Coronavirus: How are people breaking the rules?

Coronavirus: How are people breaking the rules?

Attitudes towards coronavirus restrictions have changed as the pandemic has gone on. But how do people feel about the future? And are they sticking to the rules?

Worried. Sad. Disappointed. Confused. Concerned.

With the clocks about to go back, winter on its way, and the Covid graphs heading in the wrong direction, the mood of those interviewed in a recent poll of more than 2,000 people paints a fairly bleak picture.

The survey, by Britain Thinks, suggests more than two-thirds of people (68%) are pessimistic about the UK’s immediate future, up 10% from when the survey question was asked in the summer of 2019. Young people are particularly gloomy about the country’s prospects, only 29% of 18-24 year olds express optimism about their future in the next year or so.

A focus group from across the UK, assembled for BBC News by Britain Thinks, echoed the melancholy tone.

“Things are quite bleak,” said Jim, a 61-year-old engineer from Belfast. “Coming up to Christmas with the dark evenings coming in and the prospect that there isn’t much light at the end of the tunnel.”

Alan, a full-time carer in Liverpool, agreed. “I think Christmas will be a write-off and I think January into February next year will be a write-off as well.”

But it wasn’t all pessimism. Michael, a decorator from Peterborough, was more optimistic. “You can’t change anything. You just make the best of what you’ve got.”
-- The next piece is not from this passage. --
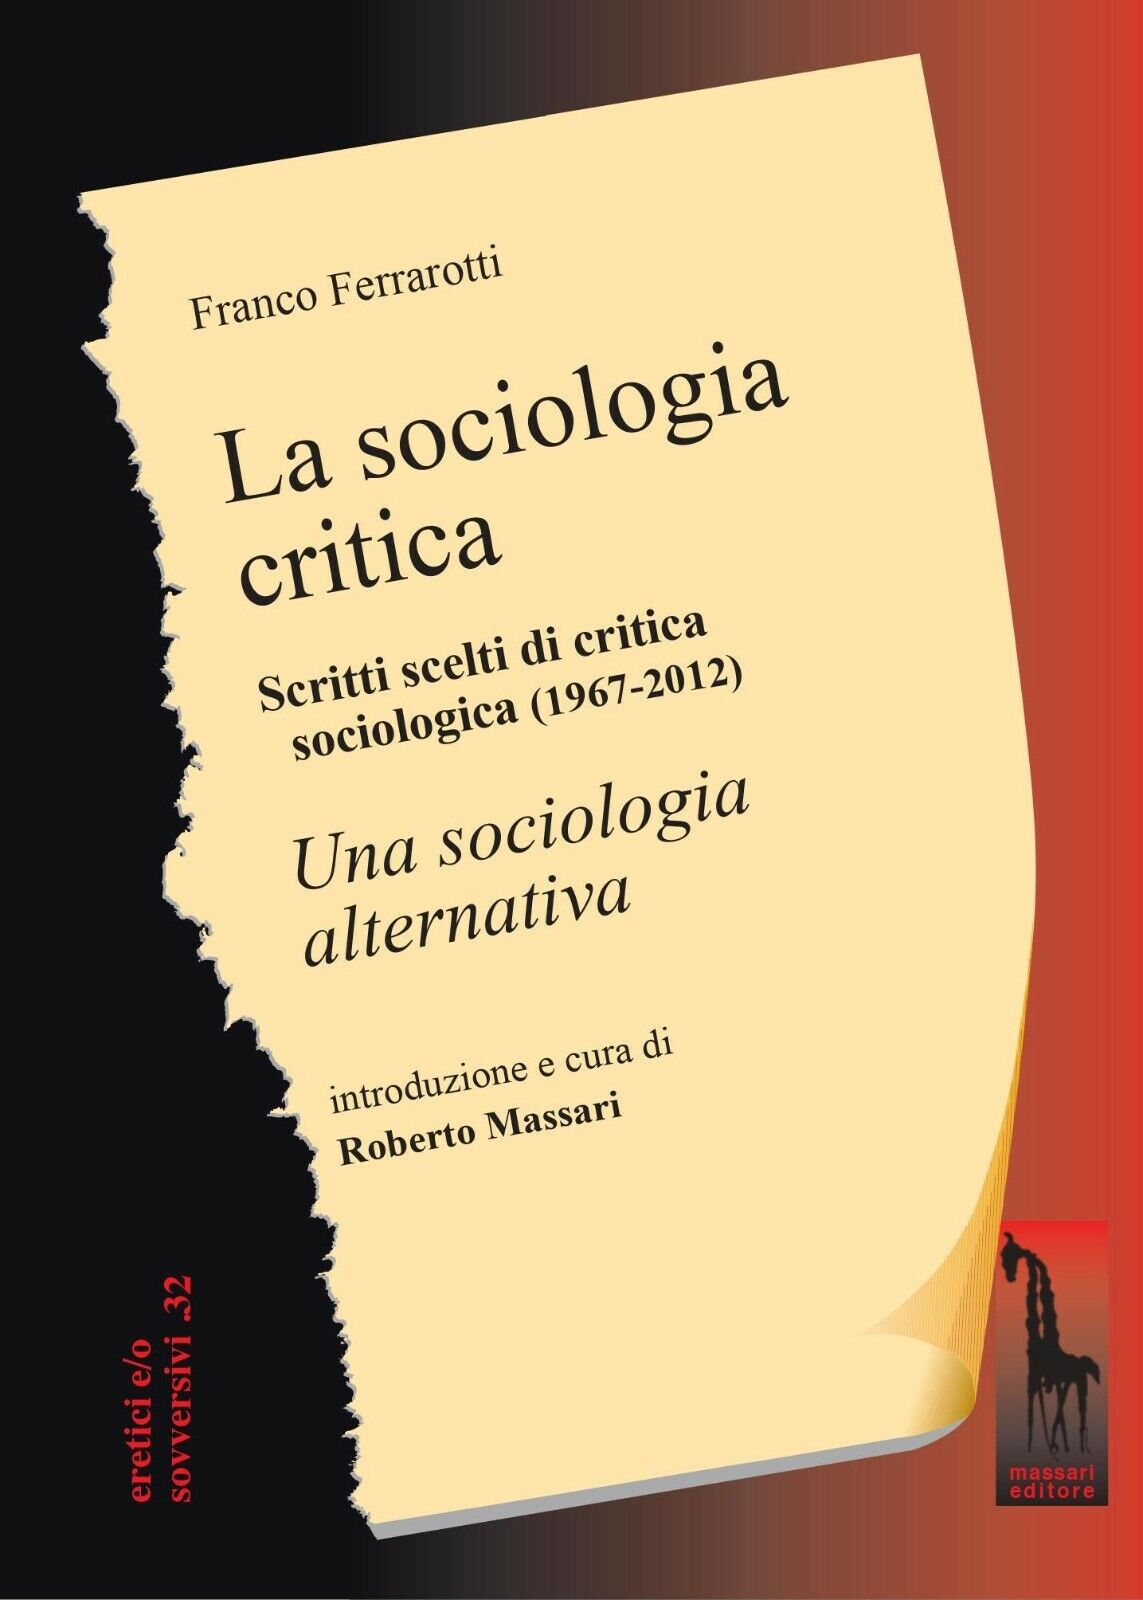 La sociologia critica. Scritti scelti di critica sociologica (1967-1976) seguiti libro usato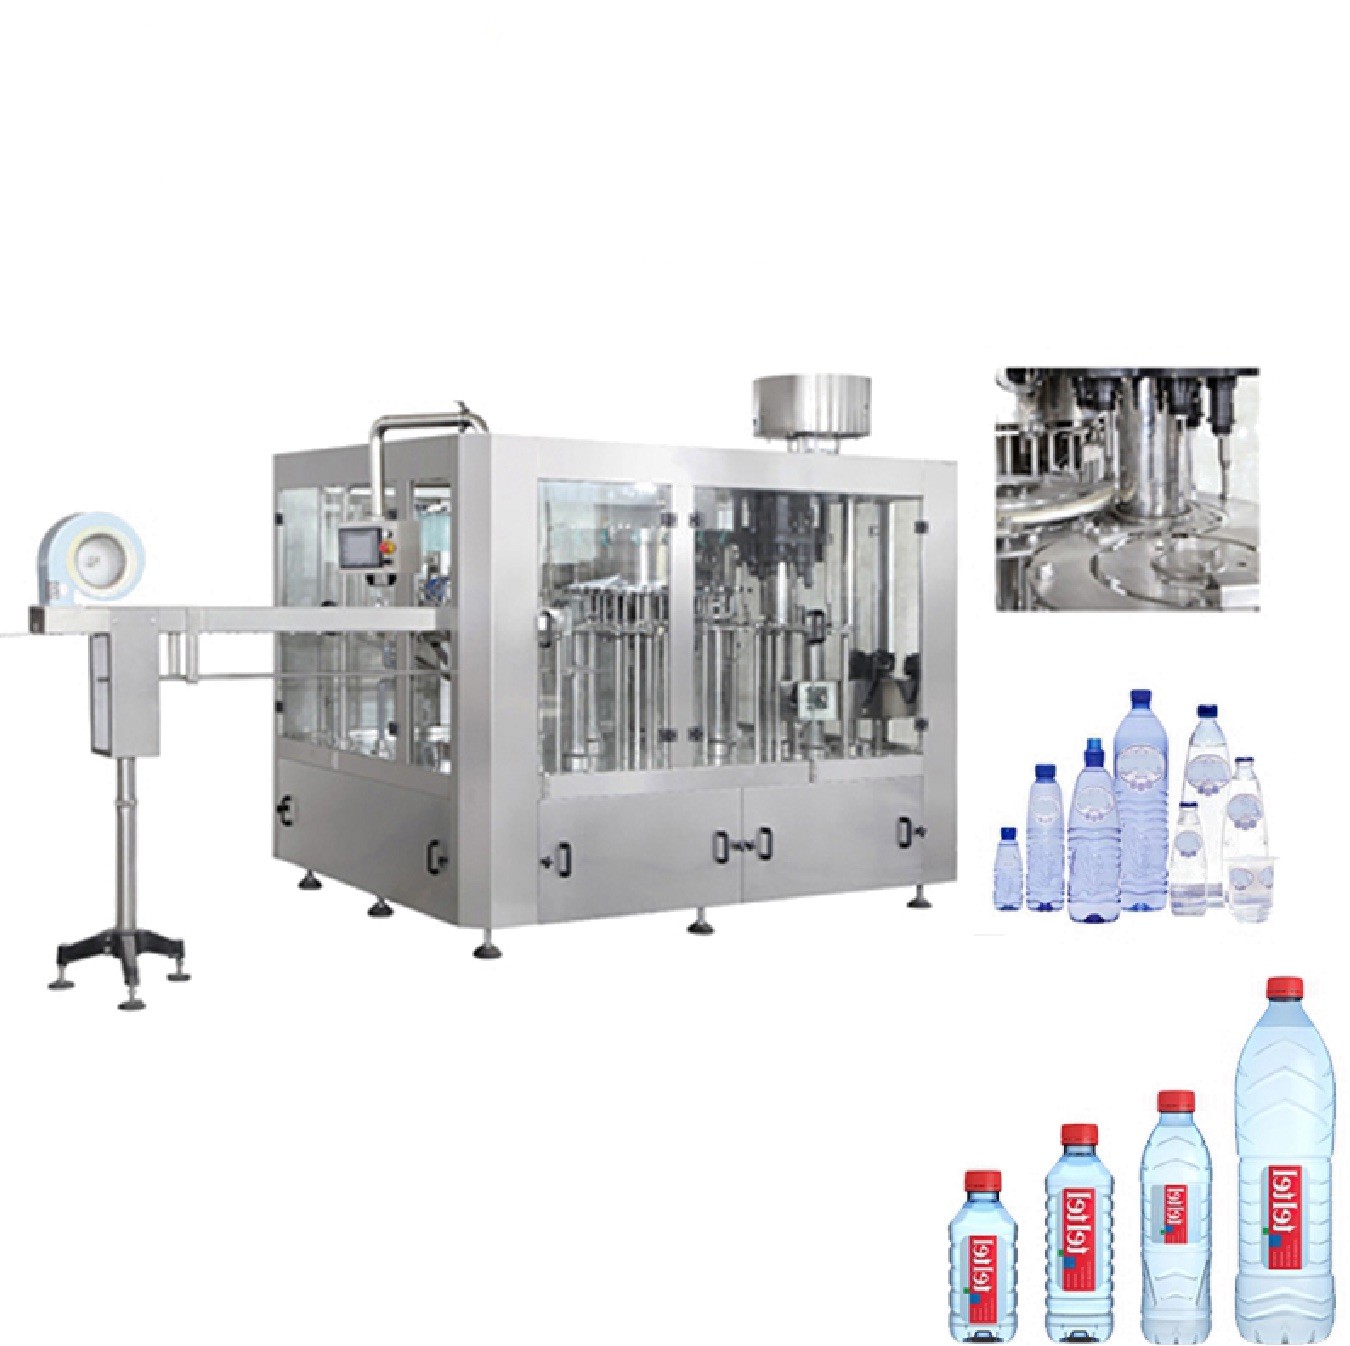 e-liquid filling machines, e-juice fillers, e-liquid filling  - filamatic

When it came to what should happen next, Molly, a 23-year-old customer services advisor from Liverpool, told us she believes the patchwork of rules across the UK is a problem. “The only way I think everyone would listen would probably be if there was a united one-rule-for-all – because everyone thinks if other areas aren’t having the same restrictions that’s unfair.”

Maureen, a retired butcher from Belfast, argues for a national lockdown. “We’re getting mixed messages and you get yourself into a muddle where you don’t know what restrictions are ‘we’ and what restrictions are ‘they’.”

But Michael disagreed with the idea of a circuit-breaker or a total lockdown. “It just doesn’t make sense to close people’s businesses, the government and politicians – it doesn’t affect them. It only affects people like us.”

Analysis of the Britain Thinks polling suggests there are four key factors shaping the country’s mood: the virus, the economy and jobs, divisions in society, and a lack of faith in government.

Some 73% of people agreed “it’s one rule for them and another for us” when it comes to the pandemic. The same proportion were pessimistic about the economy, with 89% expecting the cost of living to go up in the next year.

Almost three-quarters (74%) thought the country would become more divided, with just 12% saying that UK politicians understood people like them.

Separate polling by Ipsos MORI suggests a quarter of people admit they are not following the government coronavirus rules. That clearly means the majority are, and the survey suggests Britain’s overwhelming adherence to the rules has become stronger in the past month.

The online poll – of 1,067 adults in Great Britain between October 16 and 19 – found 73% of people questioned had followed the rules “completely” or “nearly all the time”.

Of the 27% who admitted breaking the rules, four in ten said they had broken social distancing guidelines. One in five said they had gone on prohibited visits to friends and family.

Ipsos MORI chief executive Ben Page said the number of people who say they have complied with the measures has “actually risen with the second wave of the virus”. He said: “Most people remain far more concerned about the virus than the economy.”

Back in March, as the government placed the country into lockdown, there was broad consensus on the need for blanket restrictions. This time, fierce arguments are raging over the manner and nature of the controls, disharmony that surveys suggest is feeding a sense that the government has not got a grip on the crisis.

The previous spike in infections came in the spring, with the prospect that warmer weather would make it easier to control the virus. This time the infection rate is rising as temperatures are falling, with warnings from government scientific advisors that the traditional family Christmas may be a casualty of the pandemic.

For many, the prospect of a winter without festivities adds to the sense of disappointment and despondency. Politically, economically and socially, the next few months are likely to be a huge test of the nation’s fortitude and resilience.